Information shown –
-------------------------

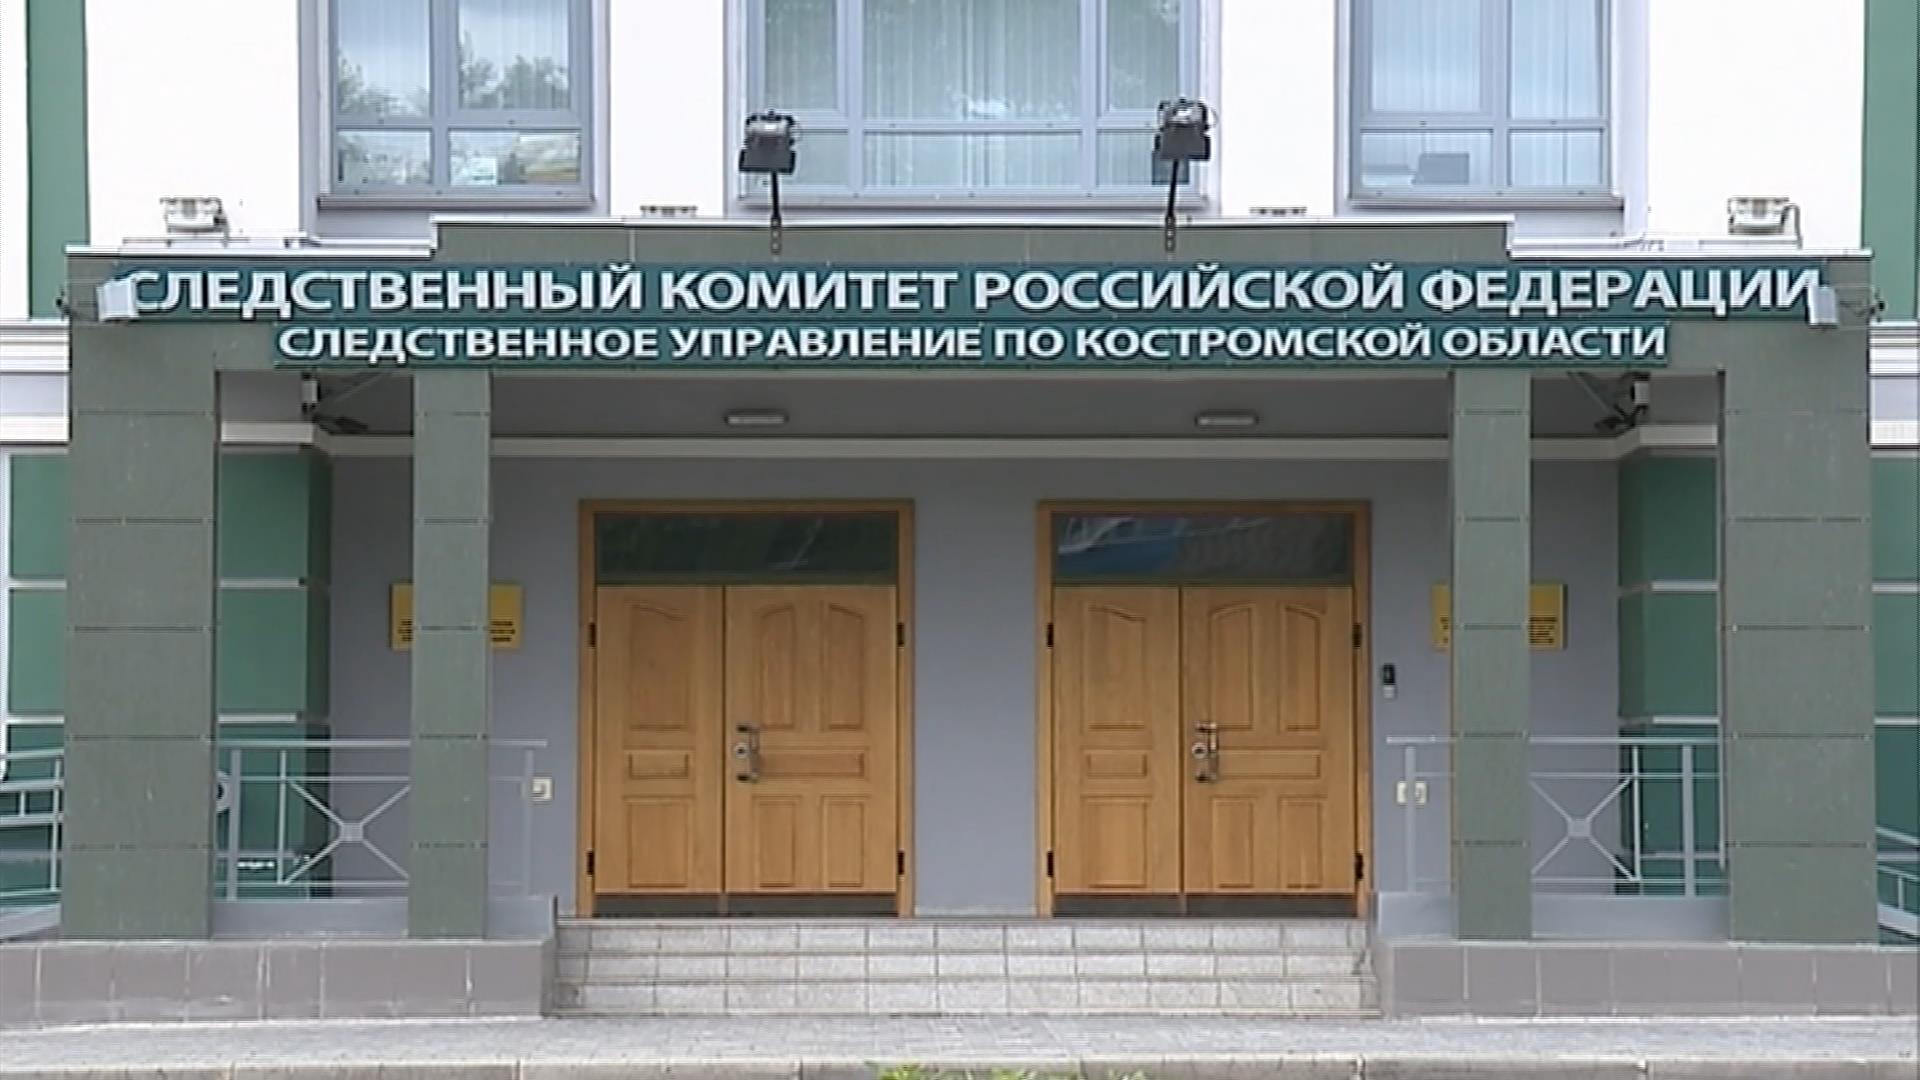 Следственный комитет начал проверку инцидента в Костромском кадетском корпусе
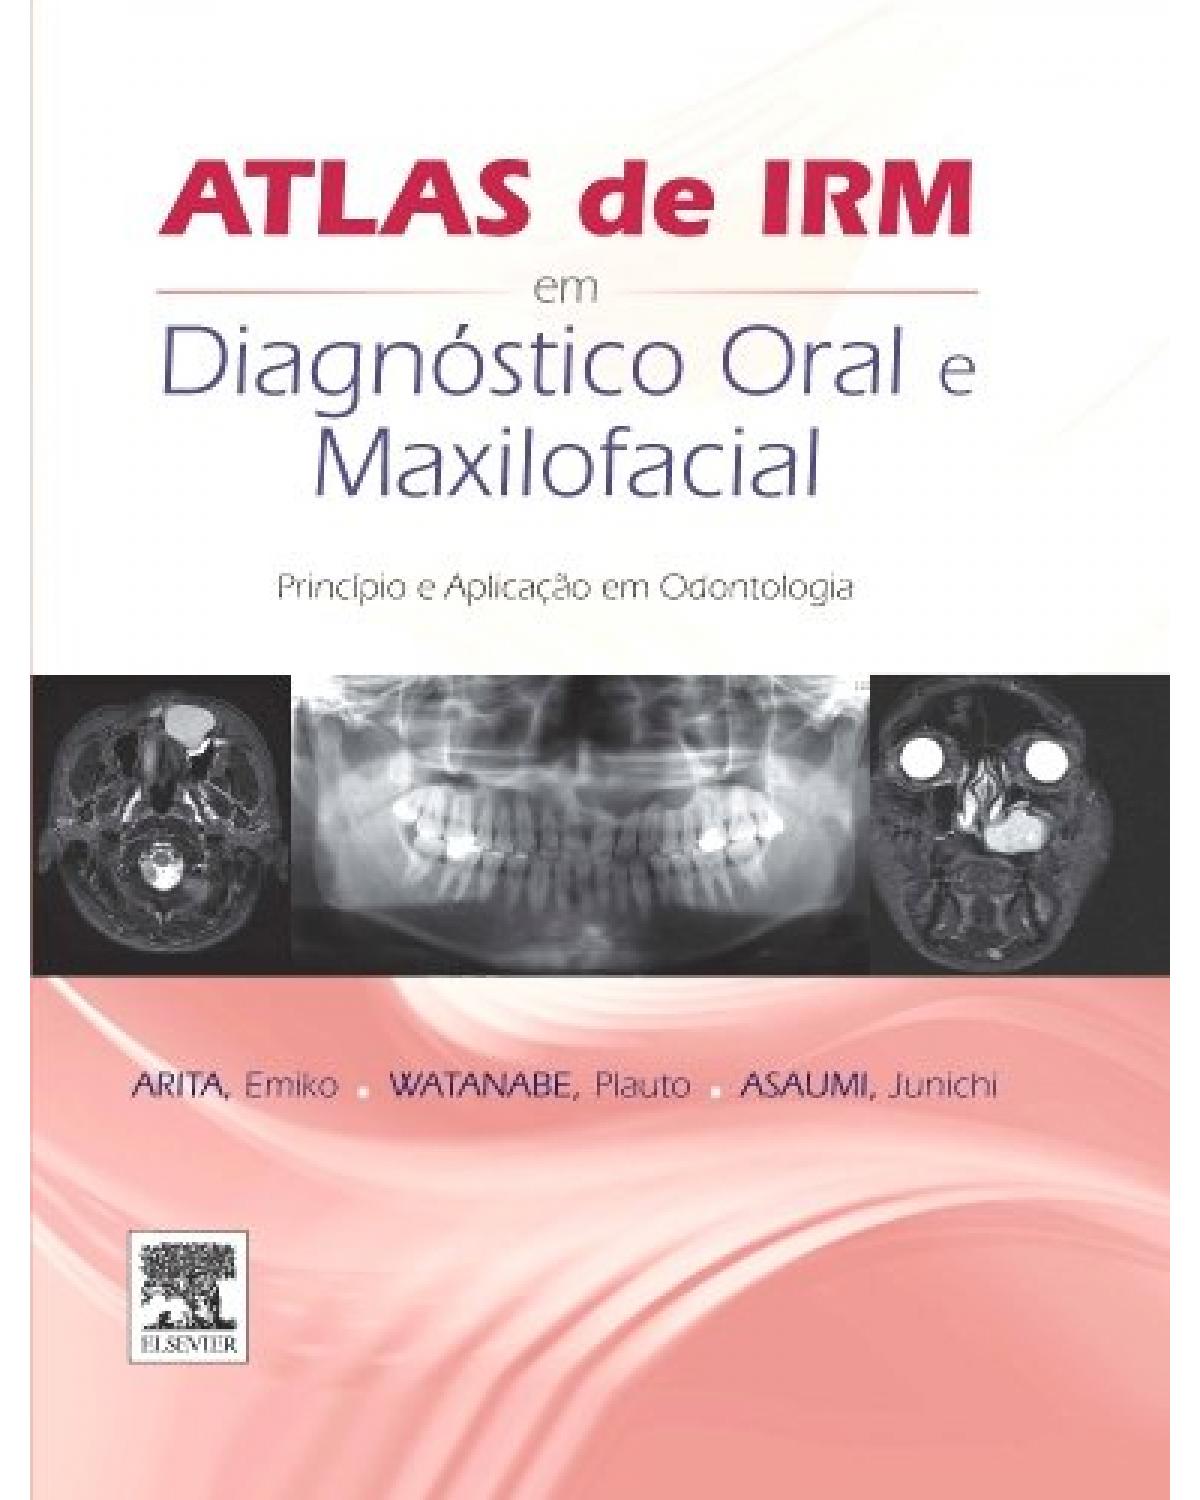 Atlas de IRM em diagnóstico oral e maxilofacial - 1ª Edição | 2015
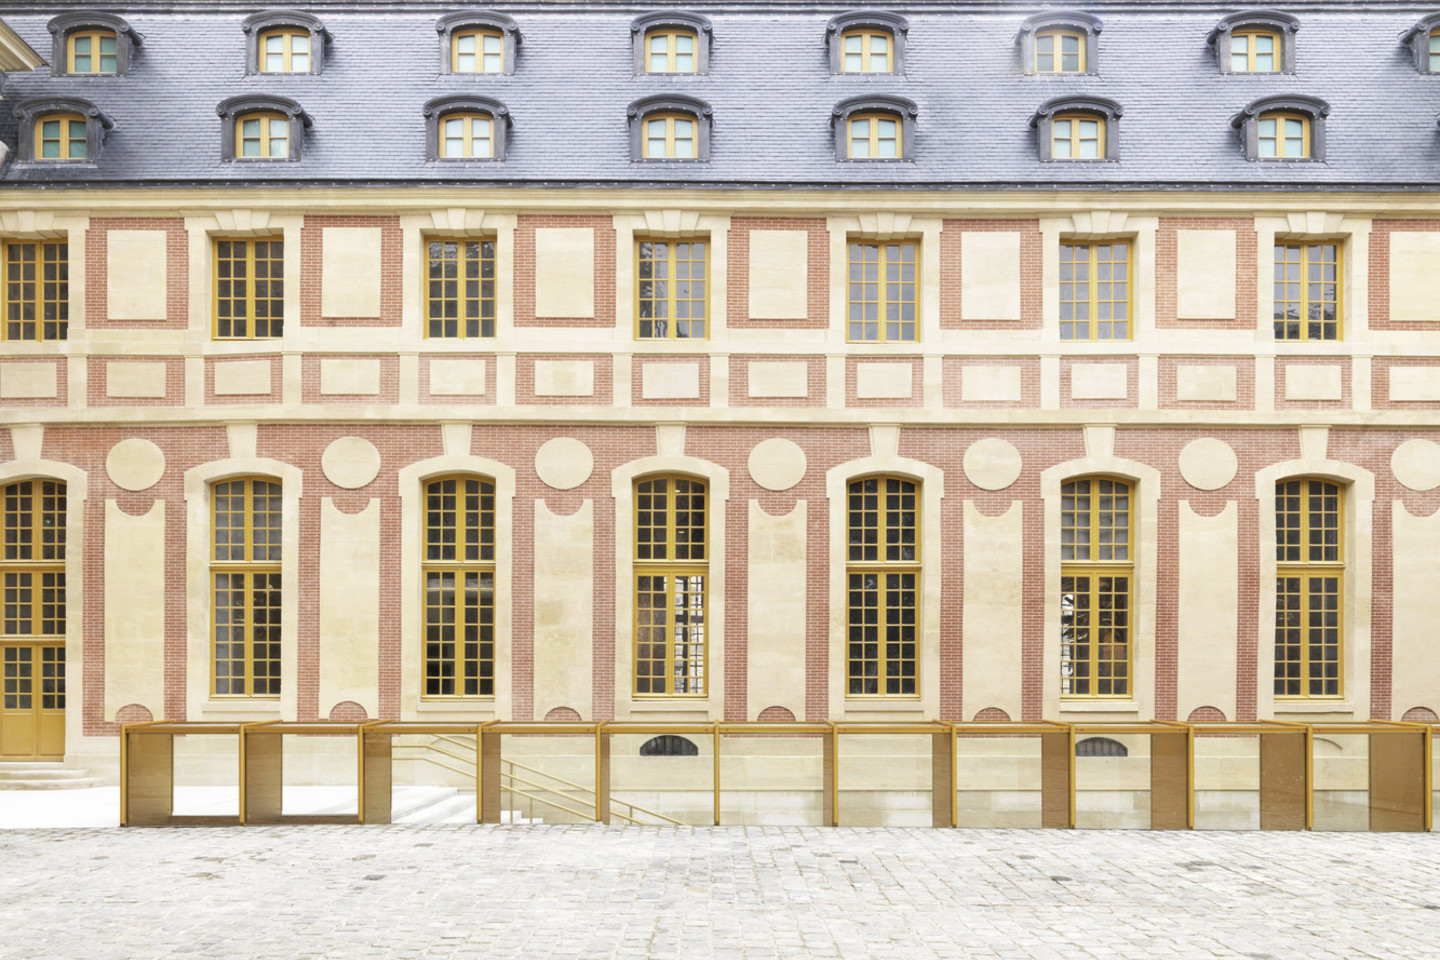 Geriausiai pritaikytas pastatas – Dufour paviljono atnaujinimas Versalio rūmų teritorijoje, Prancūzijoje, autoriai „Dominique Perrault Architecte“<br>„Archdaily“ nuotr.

-------------------------

About this task – Skip every picture and return the lines above from the top through the one that contains "Atlas de IRM".

Response below –
 Следственный комитет начал проверку инцидента в Костромском кадетском корпусе
 Atlas de IRM em diagnóstico oral e maxilofacial - 1ª Edição | 2015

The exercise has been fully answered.